● EXERCISE GOAL
Although the data below contains pictures, please reproduce only its words, exactly.

● DATASET CONTENT
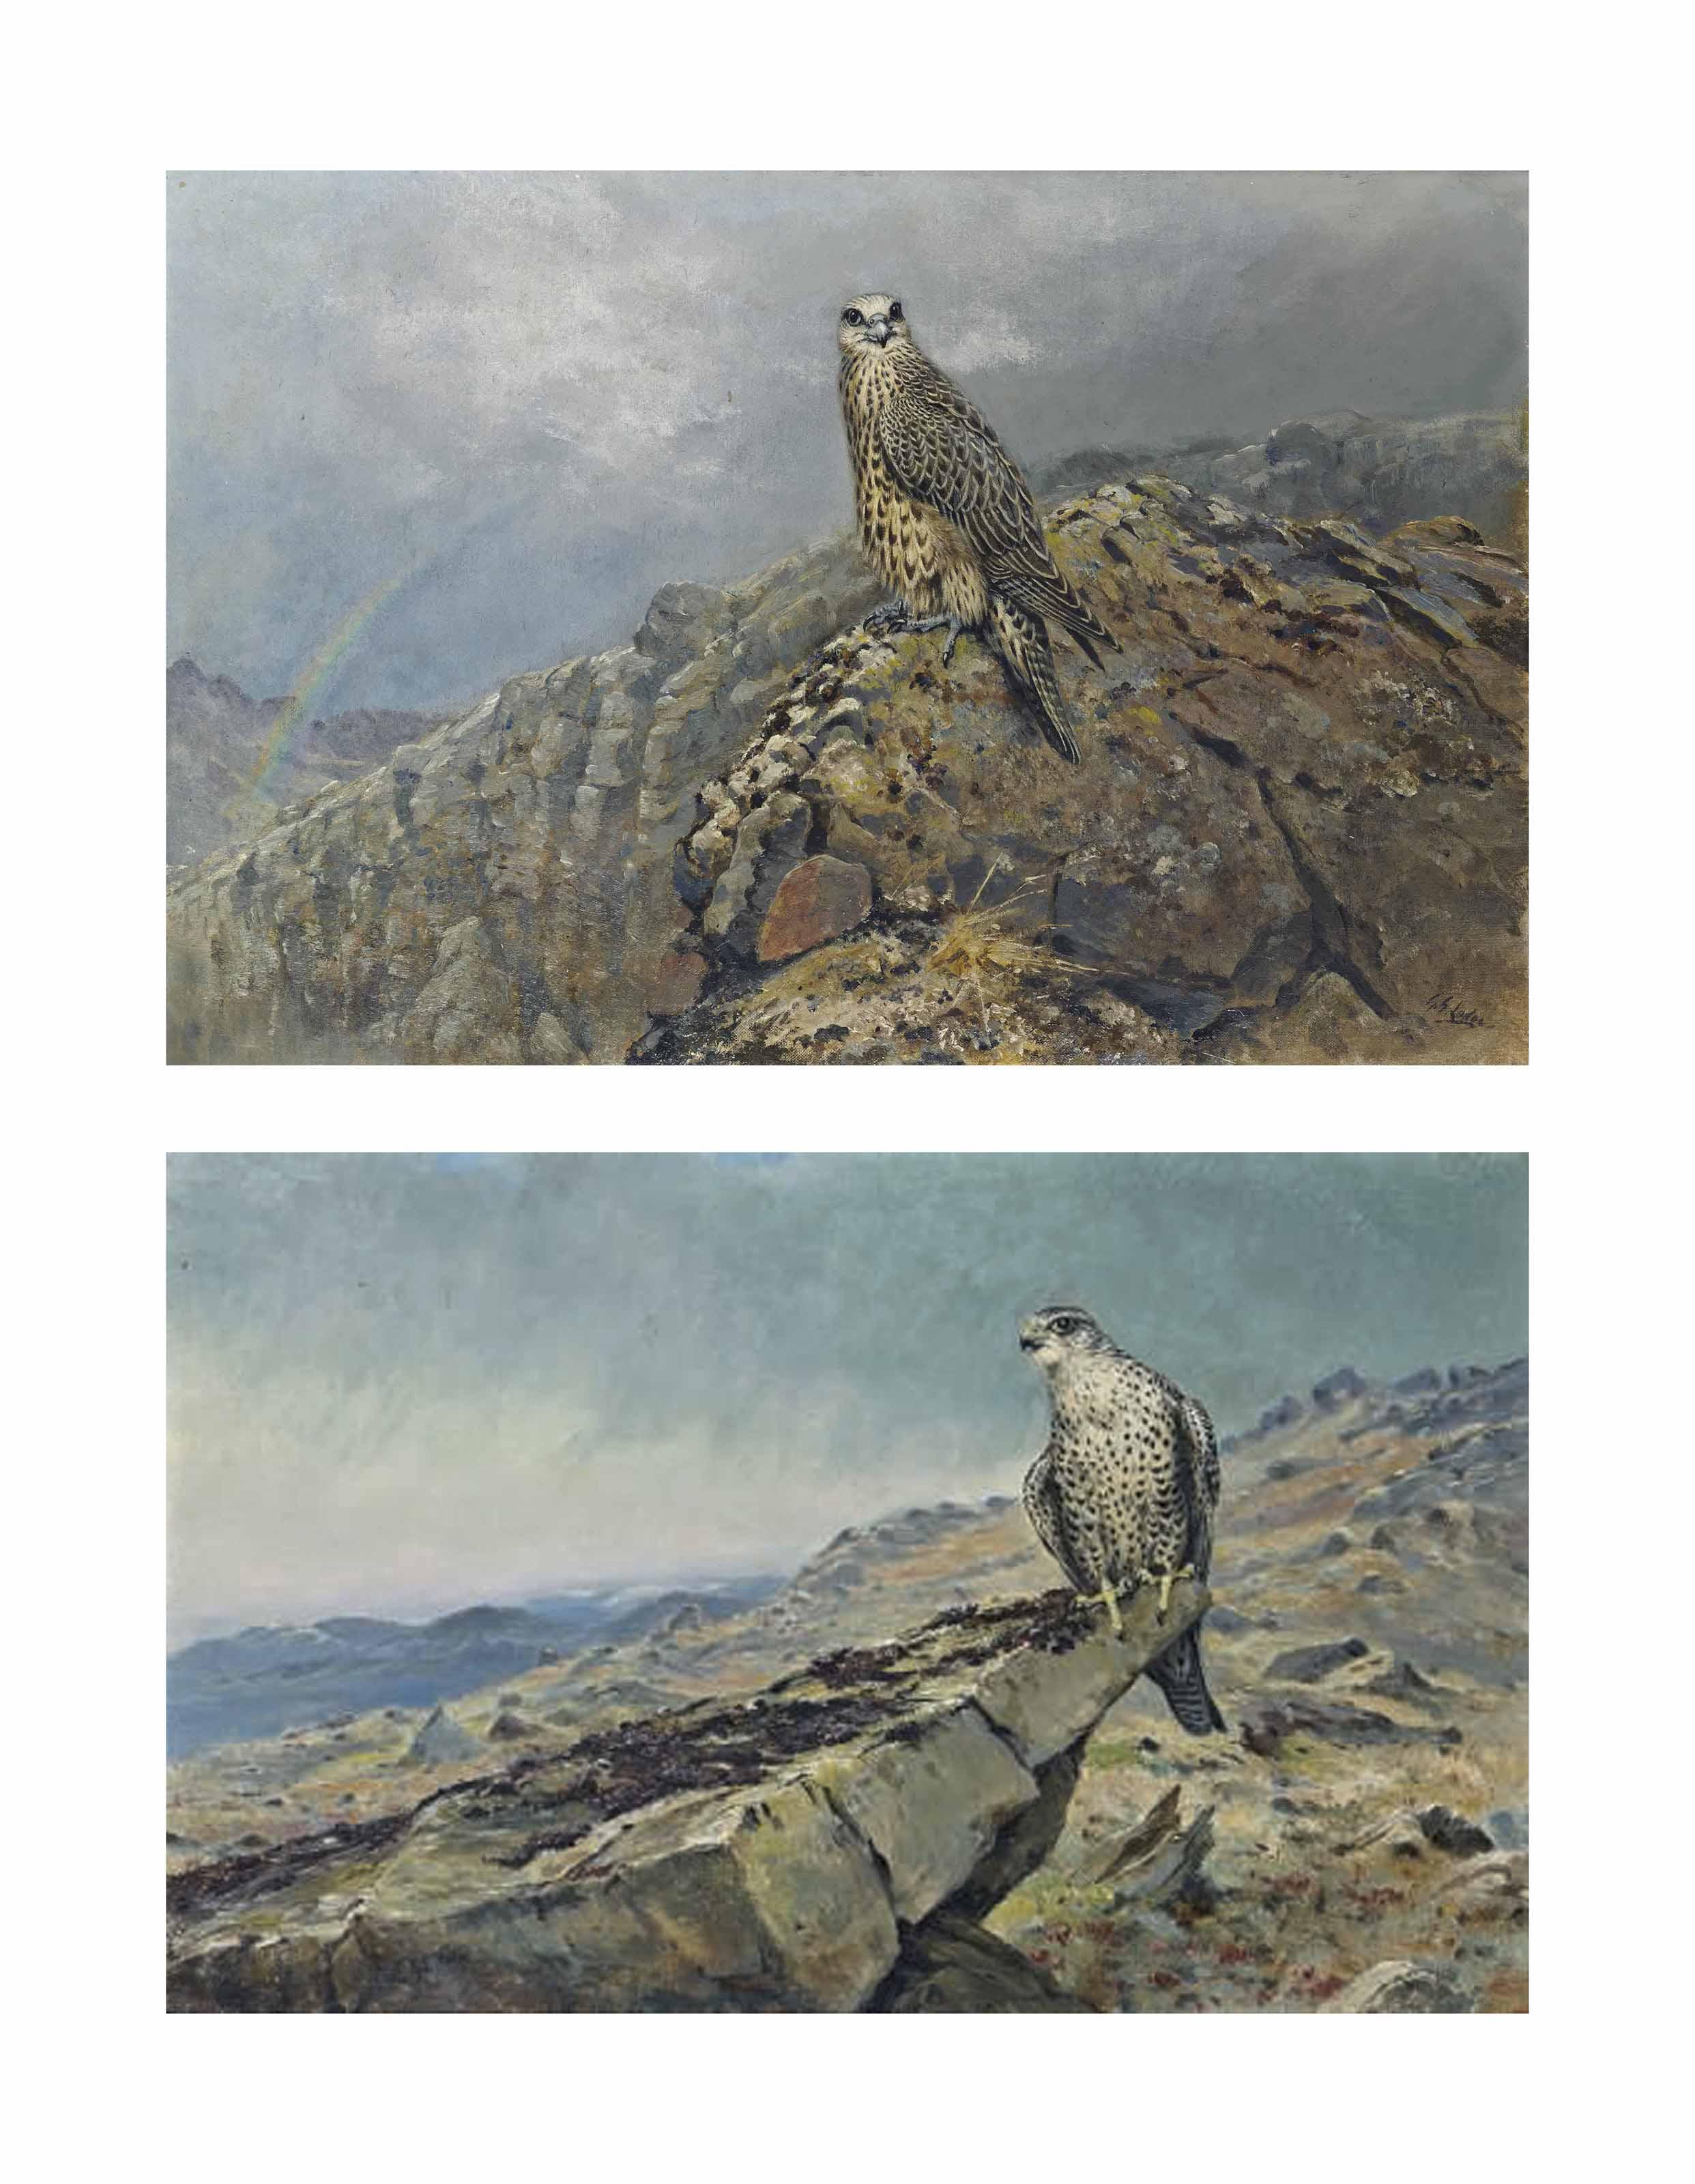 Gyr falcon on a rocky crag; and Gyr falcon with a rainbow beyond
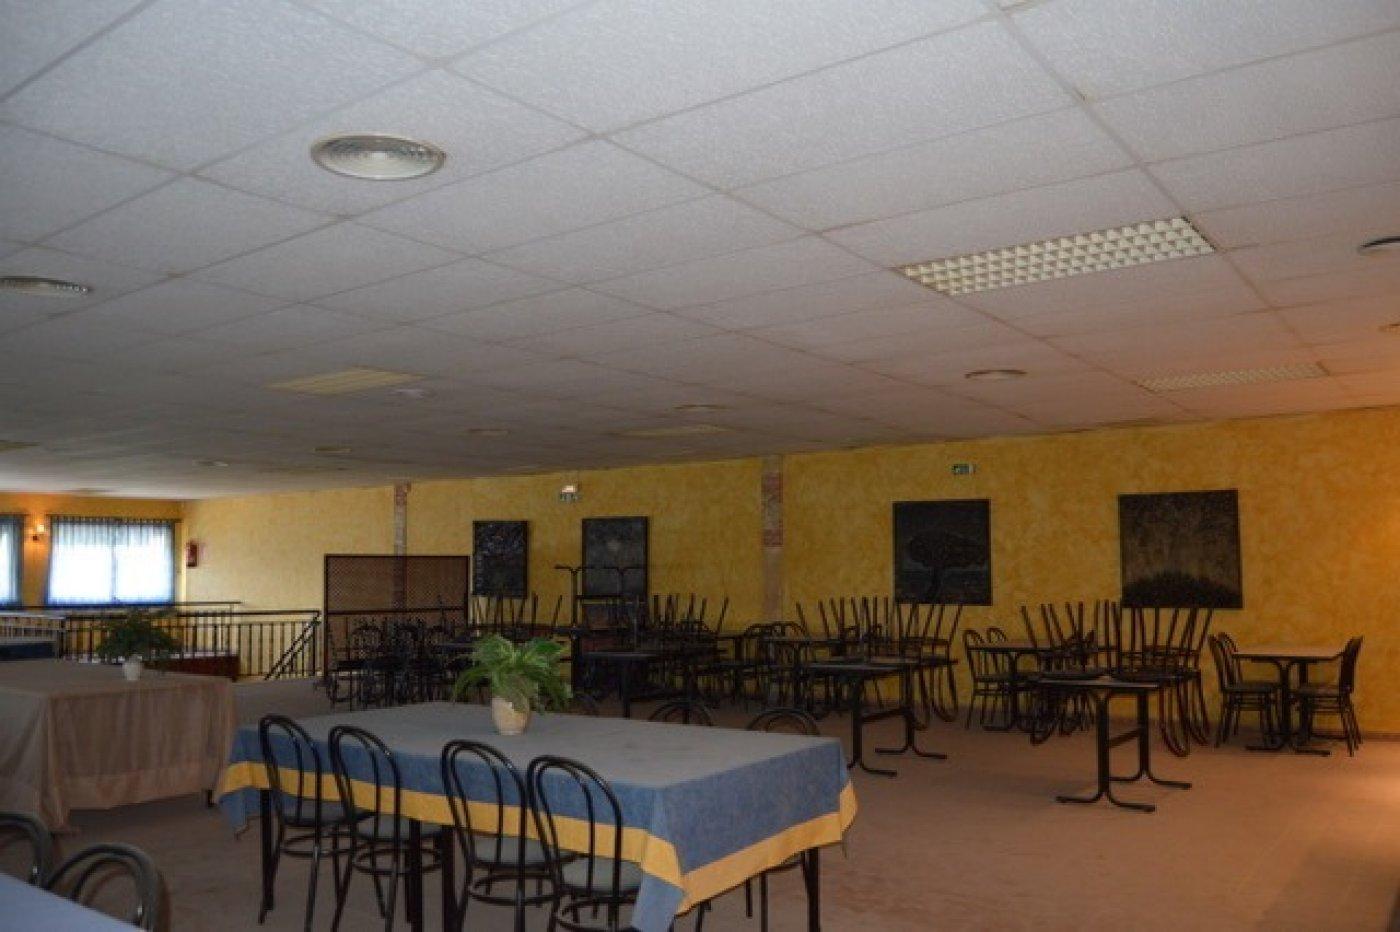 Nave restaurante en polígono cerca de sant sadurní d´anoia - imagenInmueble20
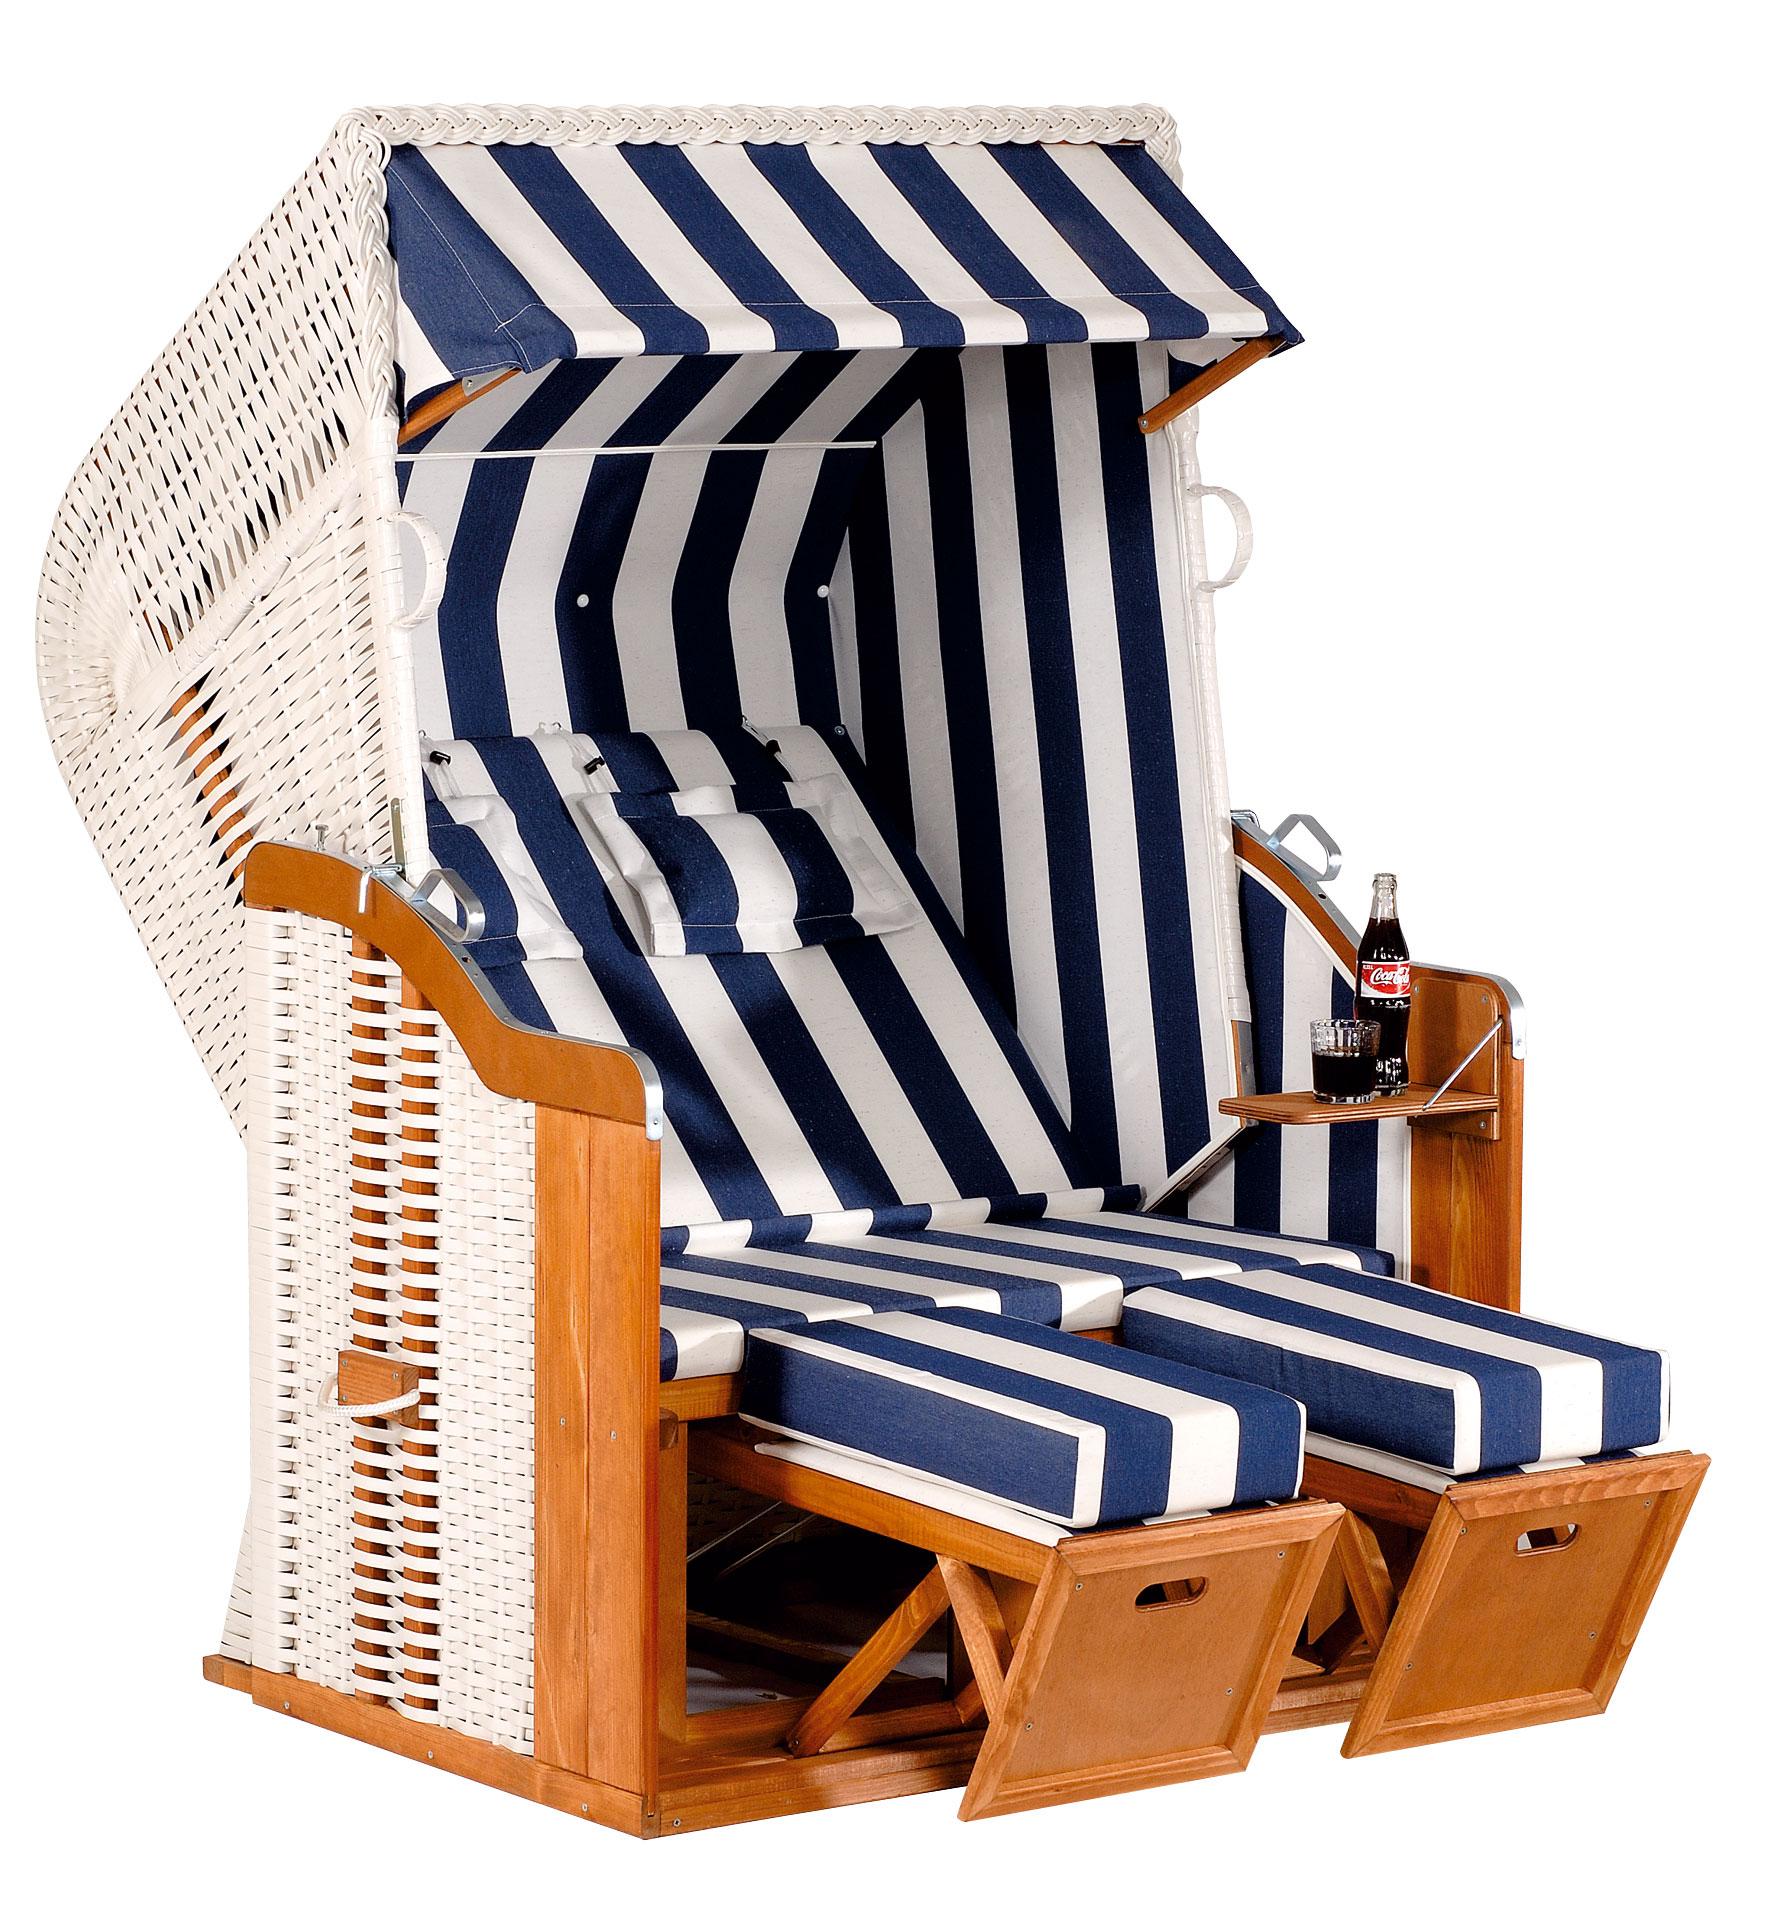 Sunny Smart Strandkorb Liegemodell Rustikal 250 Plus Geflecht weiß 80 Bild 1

● OUTPUT OF THE TASK
 Gyr falcon on a rocky crag; and Gyr falcon with a rainbow beyond
 Nave restaurante en polígono cerca de sant sadurní d´anoia - imagenInmueble20
 Sunny Smart Strandkorb Liegemodell Rustikal 250 Plus Geflecht weiß 80 Bild 1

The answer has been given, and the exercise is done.